:: What this task involves ::
All of the listing must be given again exactly, except that the images are dropped.

----- Provided data

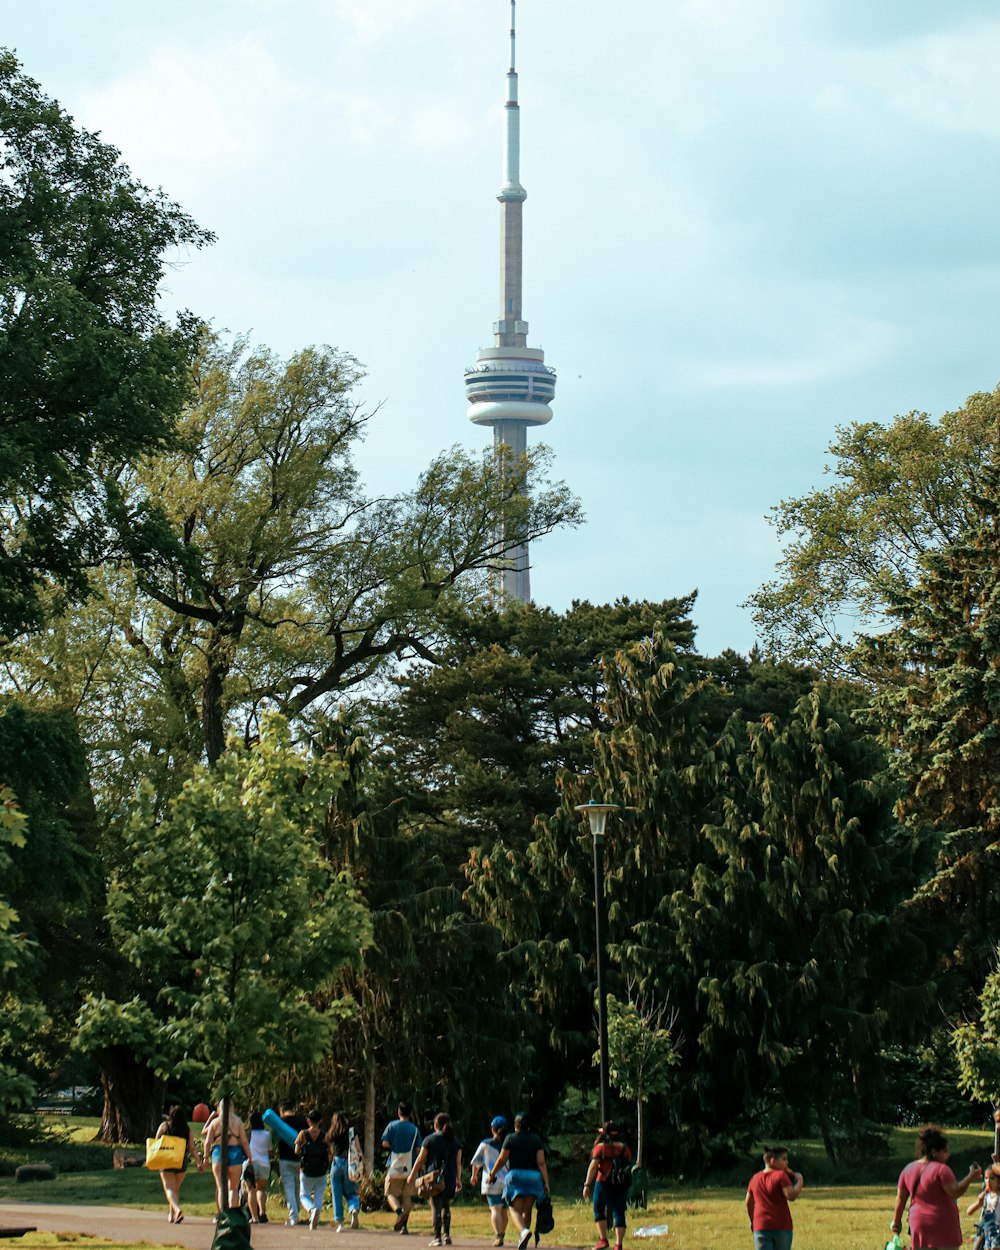 Eine Gruppe von Menschen, die in einem Park spazieren gehen, mit einem hohen spitzen Turm im Hintergrund
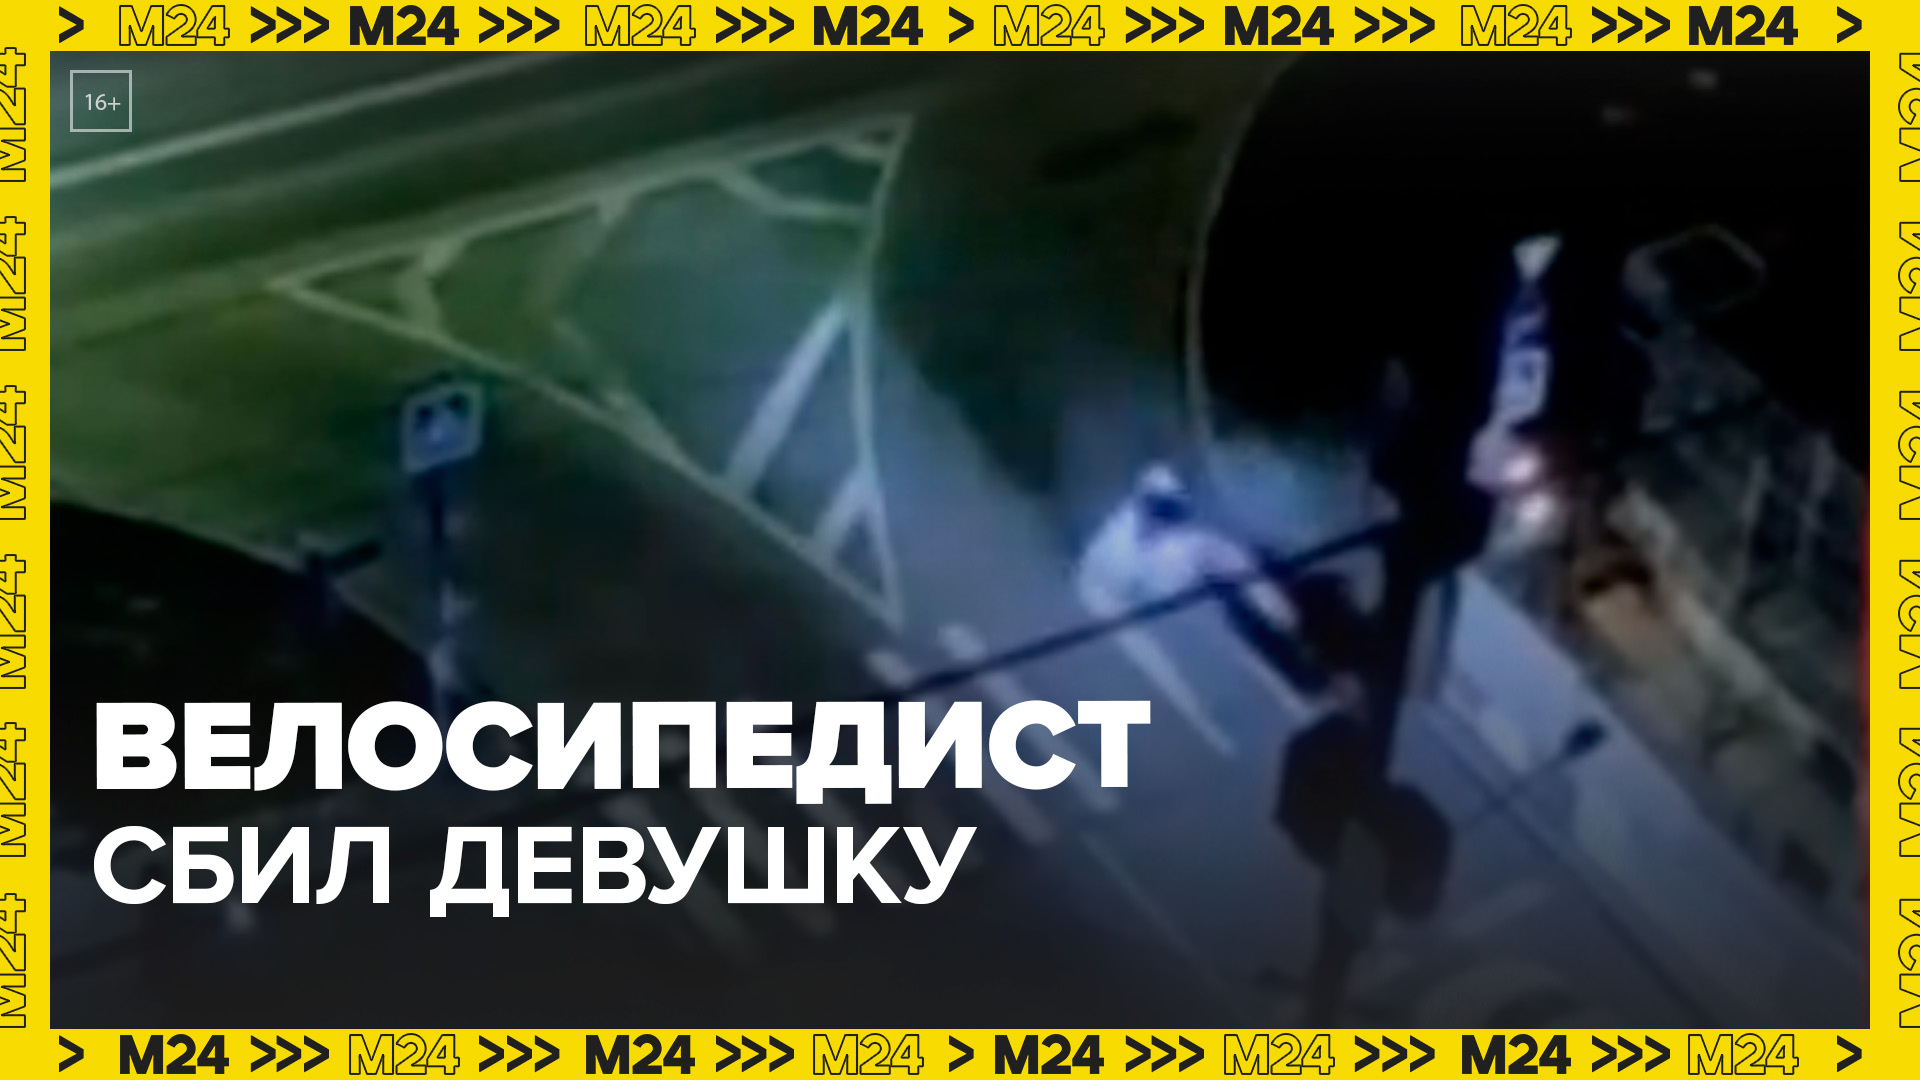 "Актуальный репортаж": велосипедист сбил девушку на пешеходном переходе - Москва 24
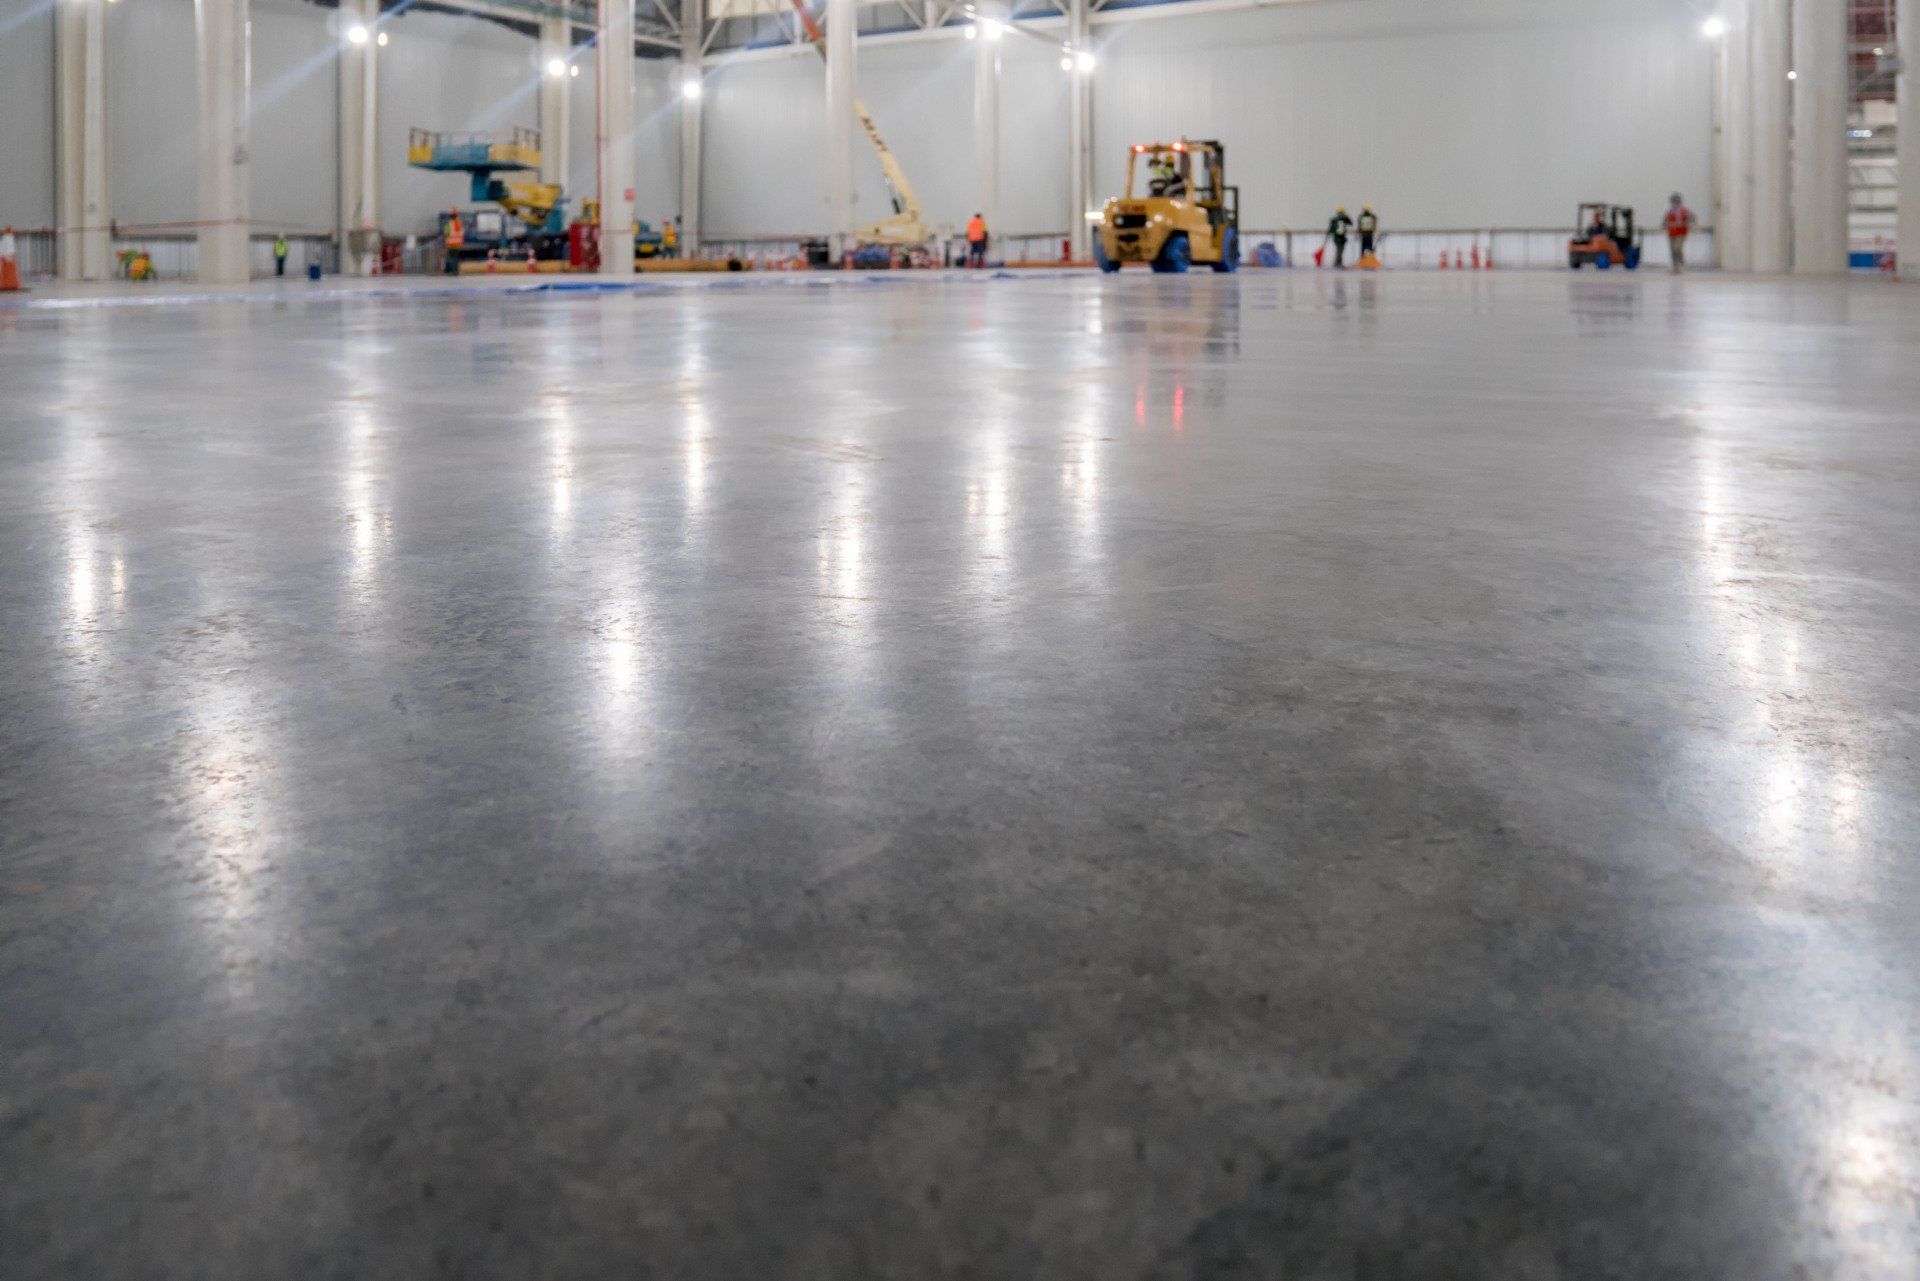 epoxy floor coating
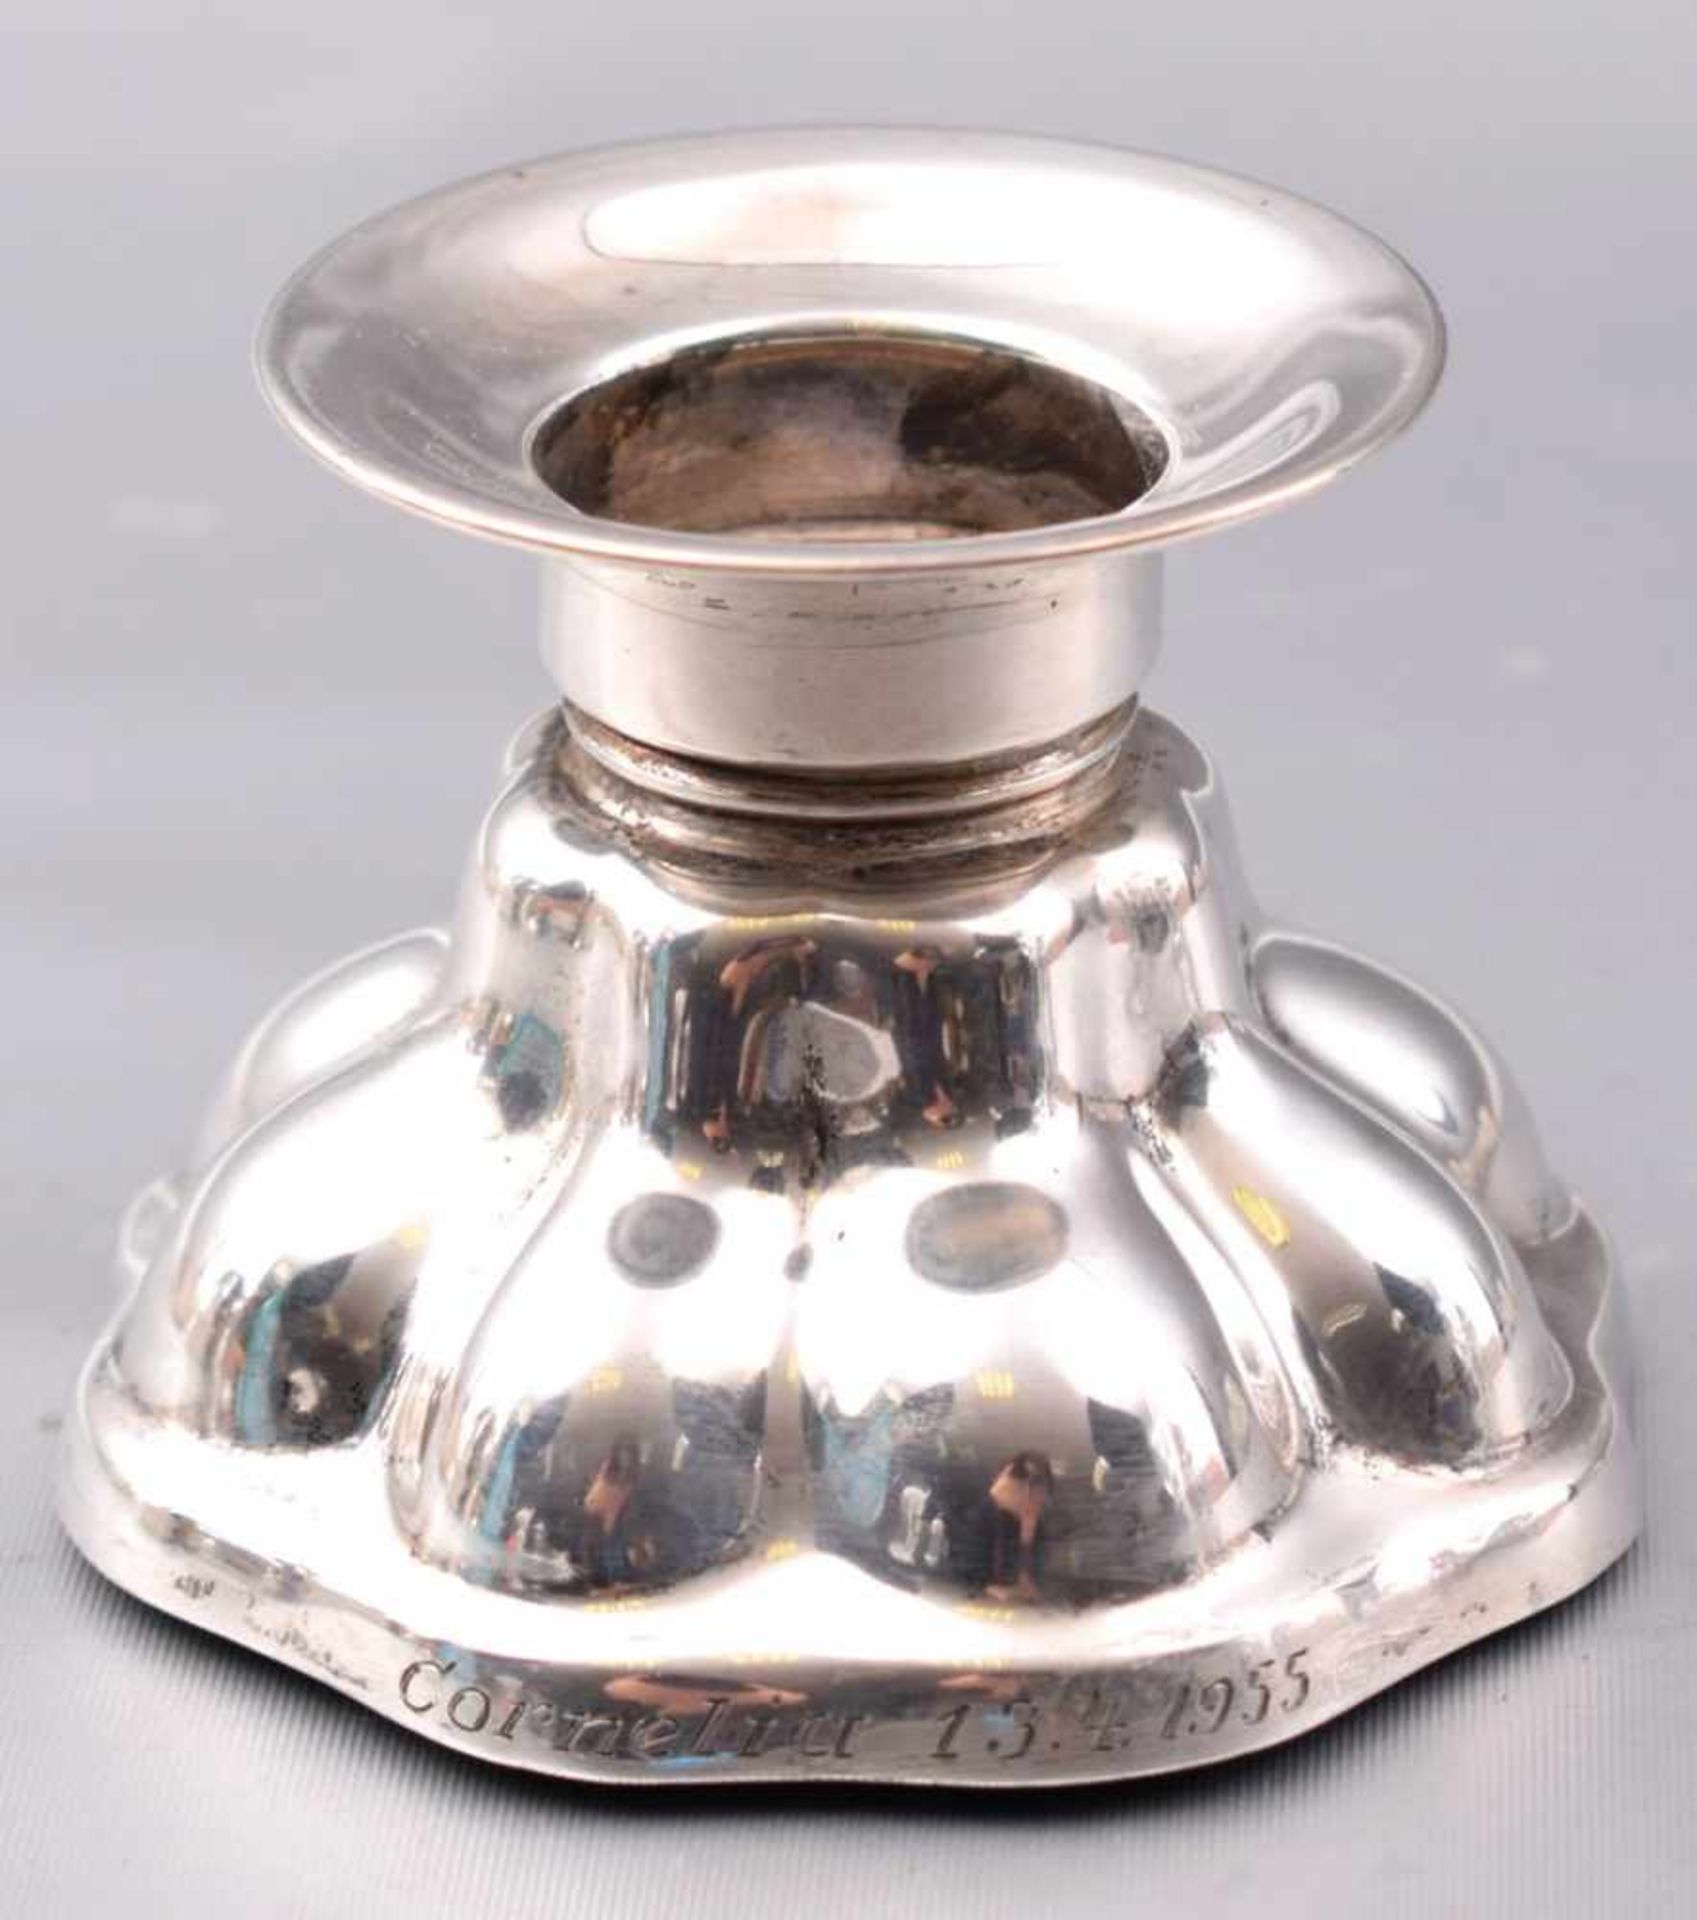 Tischkerzenleuchter 1-lichtig, rund, dat. 13.4.55, H 5,5 cm, deutsch, 835er Silber

----------

:: Task answer ::
 Eine Gruppe von Menschen, die in einem Park spazieren gehen, mit einem hohen spitzen Turm im Hintergrund
 "Актуальный репортаж": велосипедист сбил девушку на пешеходном переходе - Москва 24
 epoxy floor coating
 Tischkerzenleuchter 1-lichtig, rund, dat. 13.4.55, H 5,5 cm, deutsch, 835er Silber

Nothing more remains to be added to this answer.